Взгляни в окошко, глотни чайку.
Мелькают Мюнхен и Сортавала.
Резвятся дети на берегу.
Кусты акаций. Фасад вокзала.
Четыре слова приберегу.
Едва ли свыше дождемся знака.
Зуд любопытства невыносим.
Отдам за слово любого мага
четыре года и сорок зим.
Мелькают: бублик от токамака,
нью-йорков тыщи и хиросим.
Спит Эвридика. На дне Итака.
Но что ж, однако, за всем за сим?
Я поскользнулся вчера на сыре:
слегка пониже синяк виска.
Опять маячу покамест в тире:
дощелкал как-то до сорока.
Когда ж отчалим? Уже четыре.
Прощай, дружище! Пока-пока.
Чего тут мяться, шагай пошире!
Поберегись-ка товарняка.
Давай-ка трогай! Поддай-ка газу!
К лицу составу — что шарф, что дым.
Четыре слова закончить фразу:
невероятен — но не любим.
ВАРЕЖКА
«Взять под мышку рисунок Моди и уйти».
Ахматова
Благодарю не за «Данаю», —
за пару карандашных ню.
Благодарю за то, что знаю,
что ничего не сохраню.
И за прострелы в пояснице,
и за снотворную траву.
За то, что мне порою снится,
уж не волнуя наяву.
За то, что мальчики так робки,
а нынче, видишь, плачу я.
Всего нашлась на дне коробки
случайно варежка — ничья.
За то, что летом пахнет мыло,
и за мурашки по спине.
Благодарю за все, что было.
Благодарю за все, что не…
КУПАЛЬЩИЦЫ
Гуляй, гуляй, подружка, Натали,
по берегам незамерзающего Рейна.
Уважь, Борей, обрывки туч развей на
десятки миль. Пусть видится вдали
лишь, скажем, лес. Иль вилла. Круг бассейна.

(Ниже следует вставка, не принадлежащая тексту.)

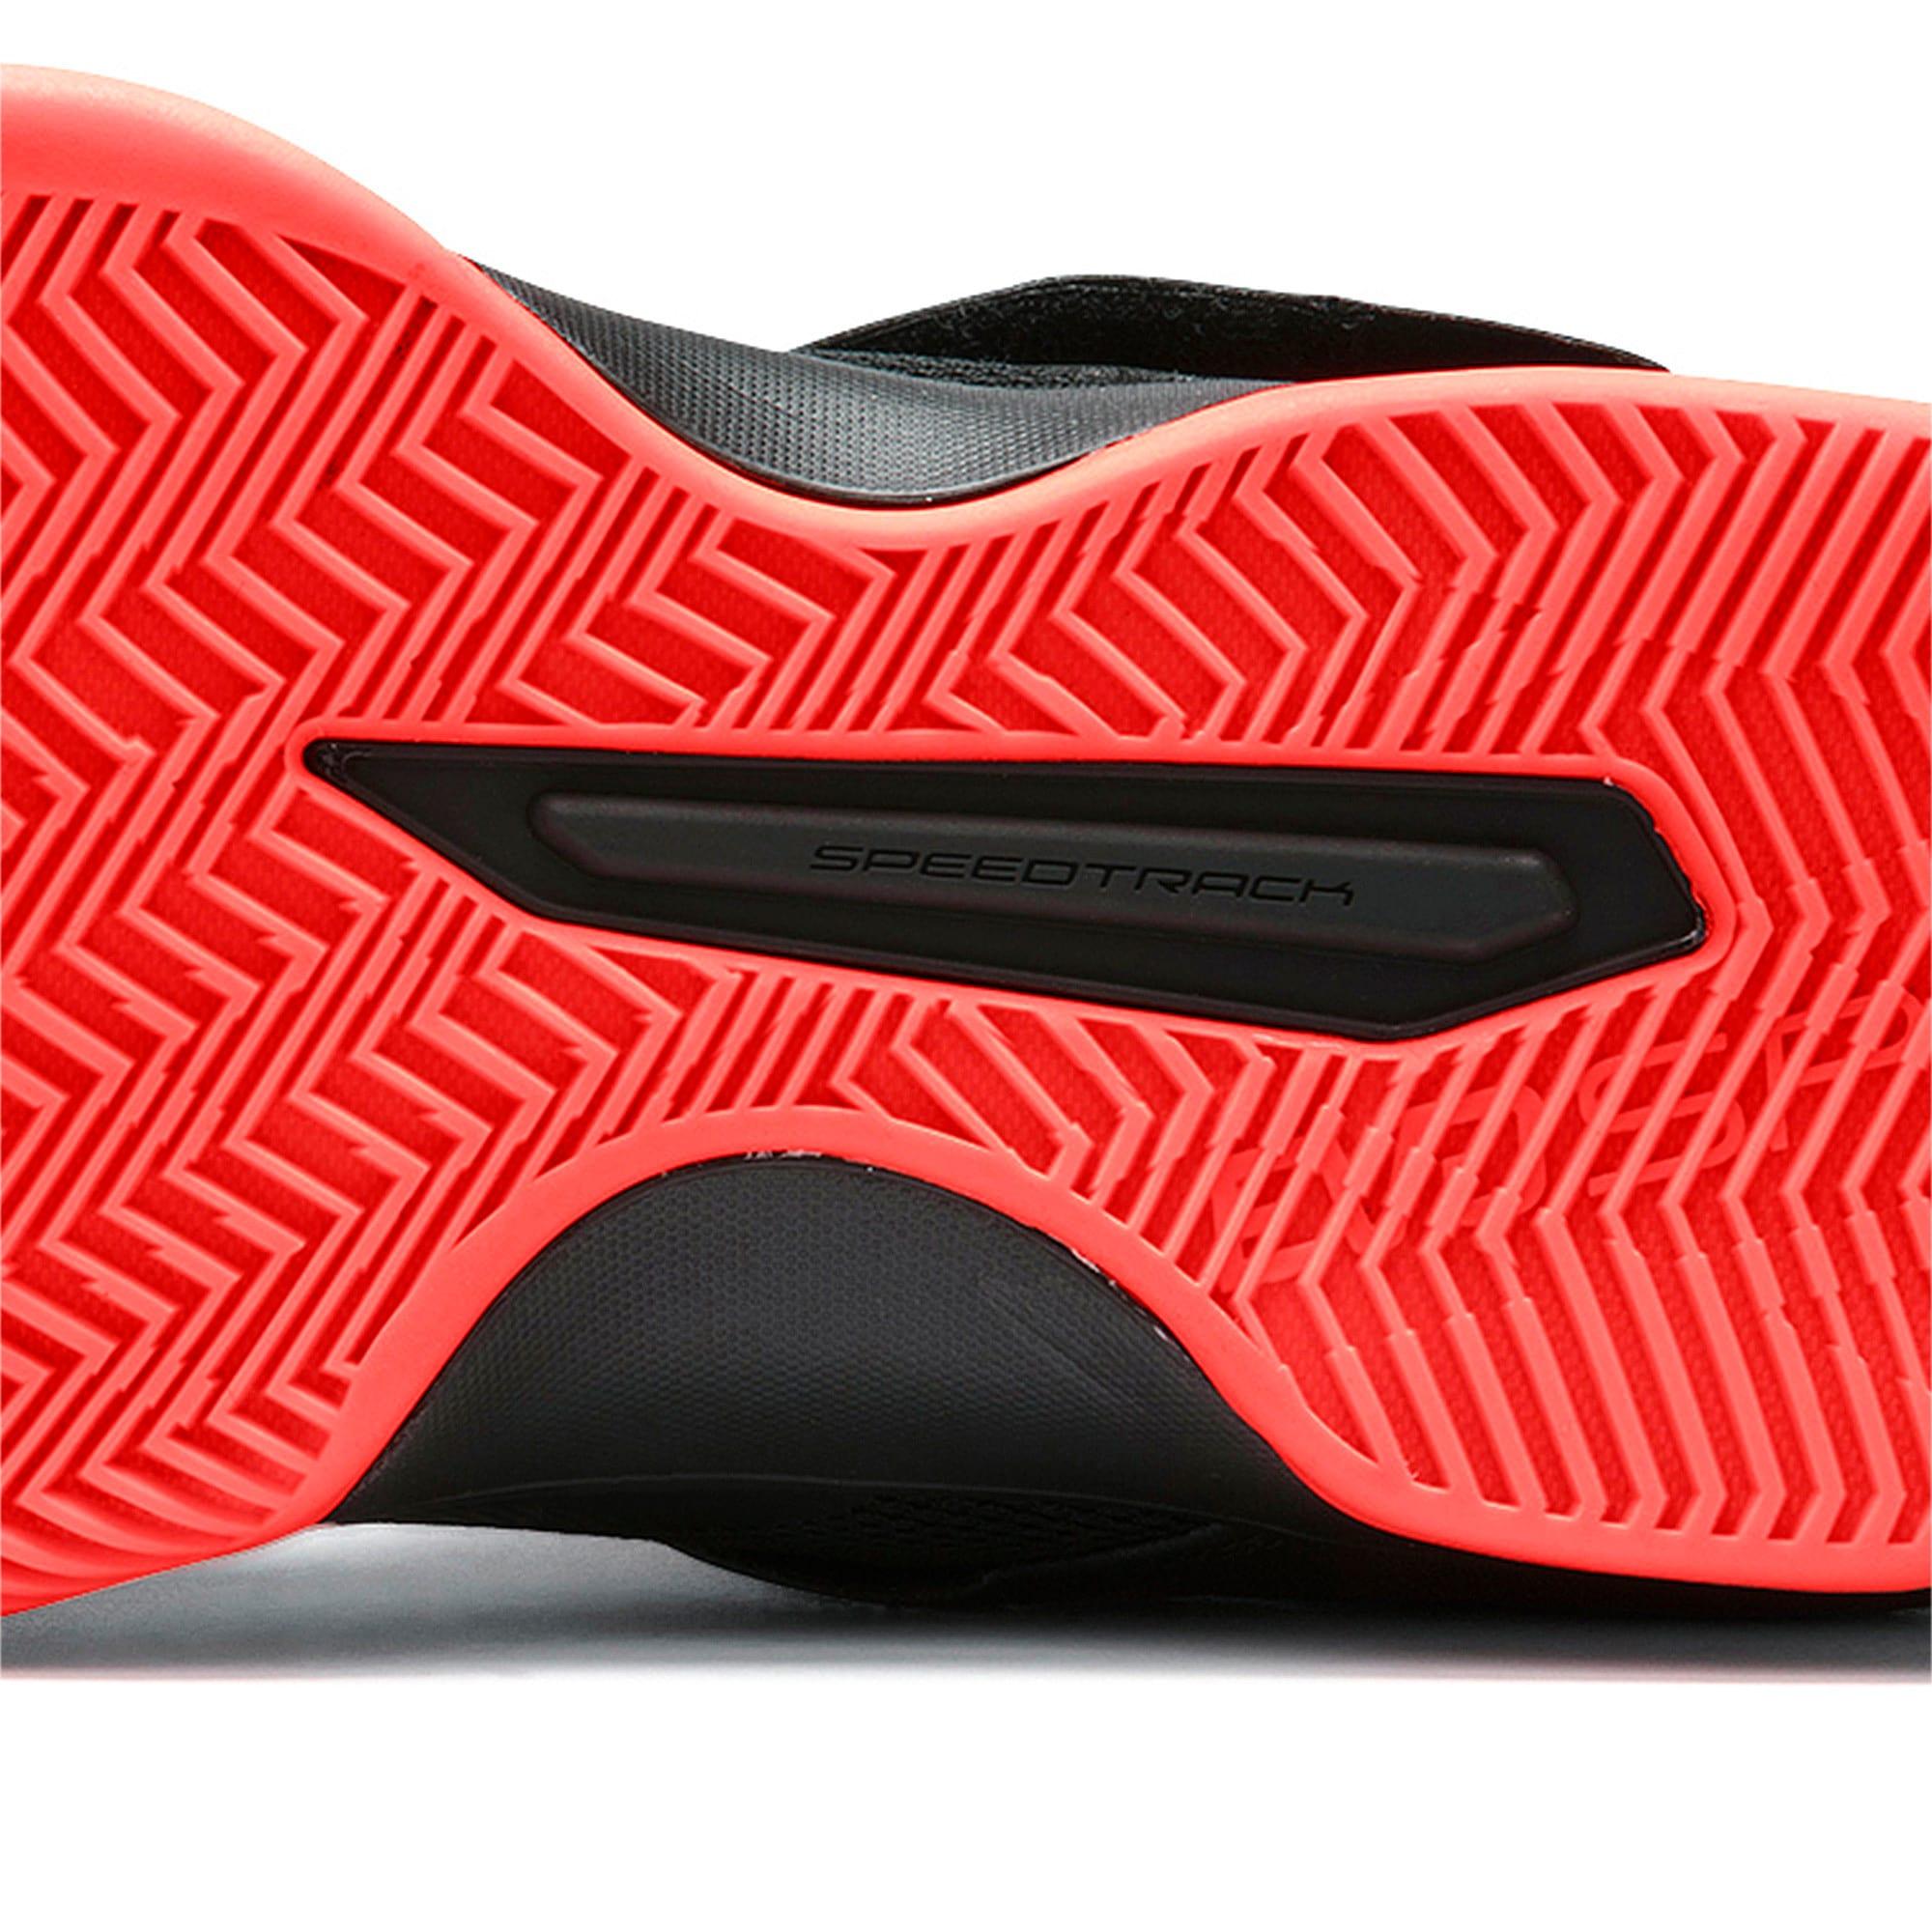 Thumbnail 8 of Chaussures Handball Rise XT3, Puma Black-Silver-Nrgy Red, medium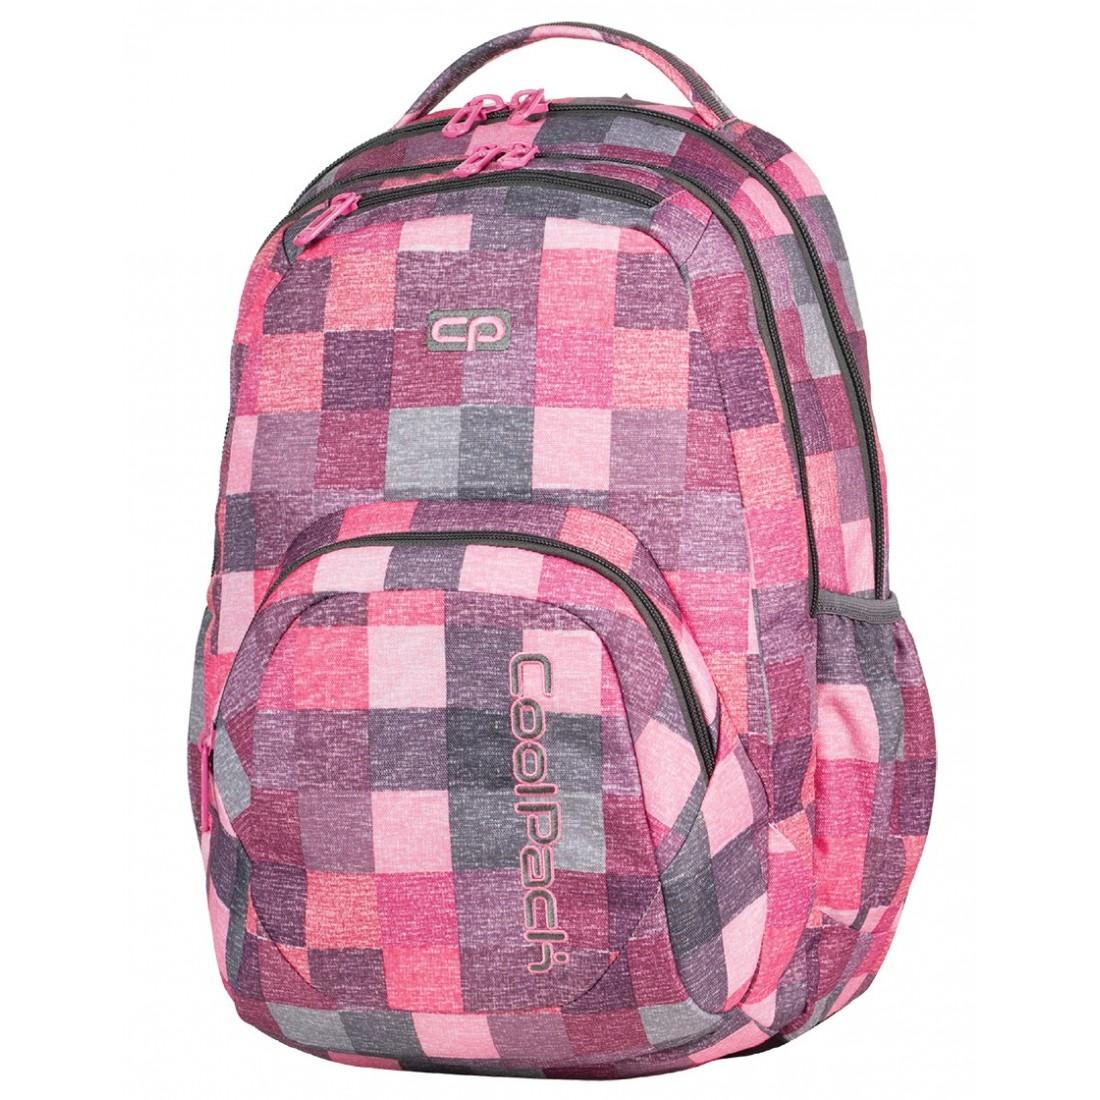 Plecak młodzieżowy CoolPack SMASH ROSE SHADES CP 409 - plecak-tornister.pl

Квадрат окна. Да просто: край земли.
Спеши, спеши, живи, не унывай.
Что в кулачке зажатая крупица
песка венецианского, что лица —
на мандале узор.
Гремит трамвай.
Такую дрянь качает зыбь у свай,
что даже неохота утопиться.
Забудь, забудь. Я тоже берегу
лишь звук имен (о, боже: Анна, Анна!).
Я вижу мир сквозь зрение Сезанна:
купальщицы на ближнем берегу —
мираж, мираж, но каждая — желанна.
И ветви гнет безветрие в дугу.
ДУША
Не сокрушайся ни о чем.
Смотри, как солнечным лучом
зажжен жасмин. Идет июль.
Мелькает в окнах белый тюль.
Еще не высохла роса.
До электрички полчаса.
И бесшабашный мотылек
ползет по шпалам поперек.
И ты не бойся, не беда,
что ноет сердце иногда.
Ты так скажи: печаль легка.
А кочевые облака,
как будто выводок утят,
по небу светлому летят
в края иные не спеша.
И веришь вдруг, что есть душа.
ПАМЯТНИК
Я, собственно, тебя и помню-то едва ли.
И вряд ли б отыскал, плутая меж оград,
без помощи отца тот камень, где вначале
фамилия… твоя. А далее — подряд
еще пяток имен. Везде в России тесно,
и бабушке моей достался лишь петит.
А строчку про меня и вовсе не известно
куда теперь гравер, поохав, поместит.
Тут нужен ювелир. Сказать бы что-то вроде:
«огромный пласт угля сжимается в алмаз».
Но стайка воробьев шумит о непогоде,
и время не глядит, прищурившись, на нас.
Наш опыт непохож. Тревожные громады
холодных городов. Послевоенный быт.
Рассветные дымки гудкам фабричным рады,
и спутники пищат восторженно с орбит.
Как сладко бы я жил, избавлен от сомнений,
державою гордясь, ее простой полпред,
от потных прыгунов до чудных озарений:
от эллинских забав до шахматных побед.
Но в век, когда шутя машина б одолела
Набокова, игру волшебную губя,
не выпорхнешь, увы, как ласточка, из тела.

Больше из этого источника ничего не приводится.